IPCA tem primeira deflação de 2025. Pressão nos preços persiste
Deflação de agosto, de 0,11%, foi influenciada por energia e alimentos. Expectativa é de volta da pressão inflacionária em setembro.
O IPCA registrou deflação de 0,11% em agosto, primeira queda do ano e menos intensa que a projetada pelo mercado, cuja mediana apontava recuo de 0,15%.
Segundo o IBGE, a retração foi puxada por energia elétrica, alimentos e transportes, que juntos subtraíram 0,30 ponto percentual do índice.
A energia elétrica residencial recuou 4,21%, resultado do fim da cobrança extra da bandeira tarifária anterior e de reduções regionais autorizadas pela Aneel.
O grupo Habitação foi o que mais impactou negativamente, com –0,14 ponto.
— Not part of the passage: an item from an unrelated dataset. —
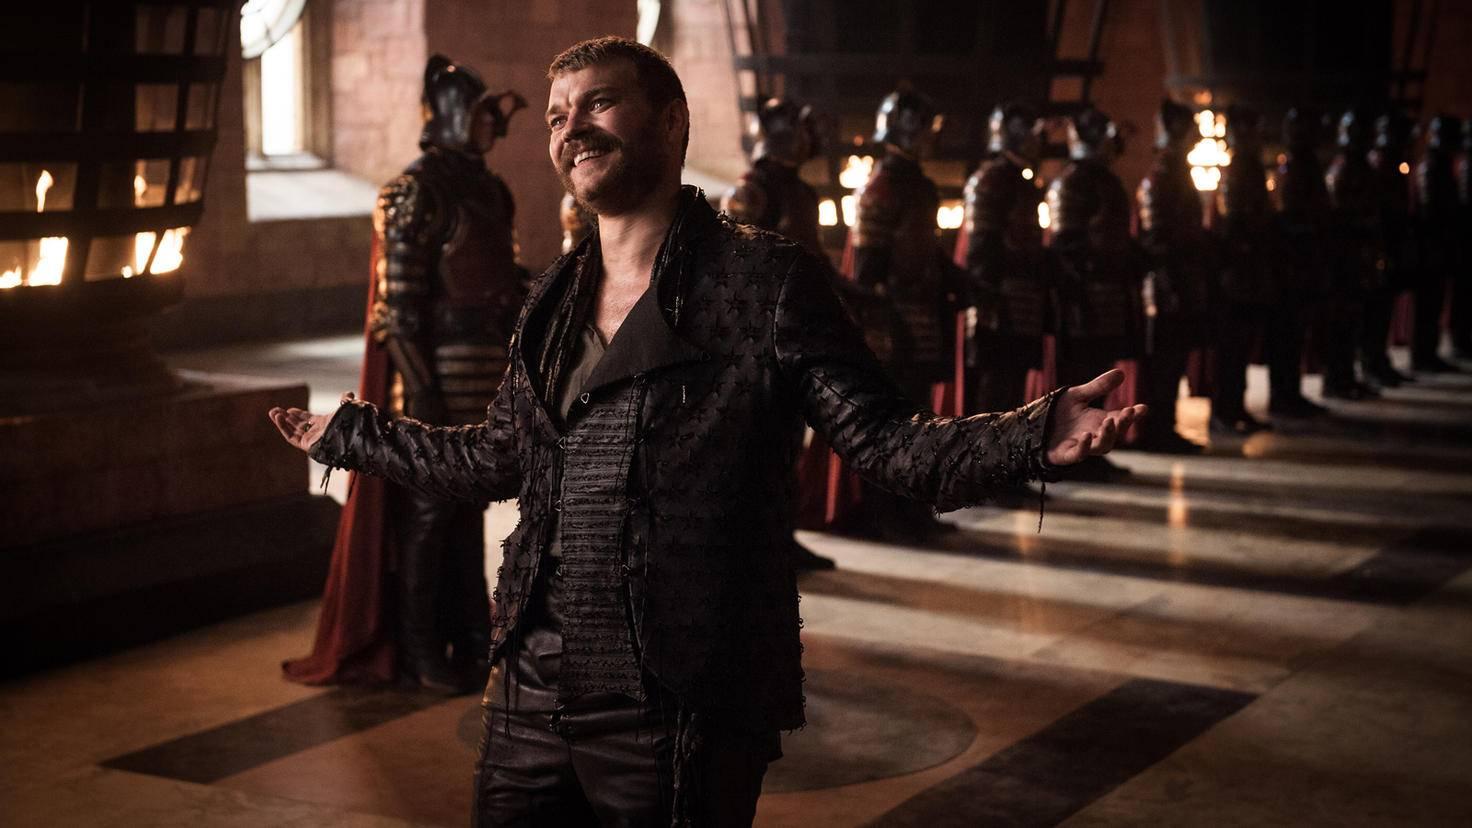 Na, was hat Euron Graufreud wohl für Cersei im Gepäck?

Alimentação e bebidas caíram 0,46%, com destaque para recuos no tomate (–15,88%), batata-inglesa (–9,36%) e óleo de soja (–6,22%).
Transportes tiveram queda de 0,27%, influenciada por recuos na gasolina (–0,79%), passagens aéreas (–9,74%) e automóveis novos (–1,03%).
Já combustíveis como etanol e diesel registraram alta, de 3,02% e 0,96%, respectivamente.
Apesar do resultado, alguns segmentos mantiveram pressão inflacionária. Saúde e cuidados pessoais subiram 0,43%, impulsionados por itens de higiene e medicamentos.
Educação também avançou 0,46%, com reajustes no ensino superior.
Na comparação anual, o IPCA acumula alta de 3,39% nos últimos 12 meses, dentro do intervalo de tolerância da meta do Banco Central para 2025, de 3% com margem de 1,5 ponto percentual para mais ou menos.
No acumulado de 2025 até agosto, a inflação está em 2,79%.
A deflação mensal ocorre após estabilidade em julho e foi precedida por uma prévia inflacionária (IPCA-15) que indicava recuo de 0,14% em agosto.
Esse alívio, no entanto, poder ser pontual e condicionado a fatores específicos, como reduções tarifárias e safras favoráveis de alguns alimentos.
Para setembro, o cenário pode mudar. A retomada da bandeira tarifária vermelha nível 1 já está em vigor e deve elevar o custo da energia elétrica.
As passagens aéreas podem a subir com a aproximação de feriados prolongados em novembro e dezembro, e férias escolares, pressionando novamente o índice.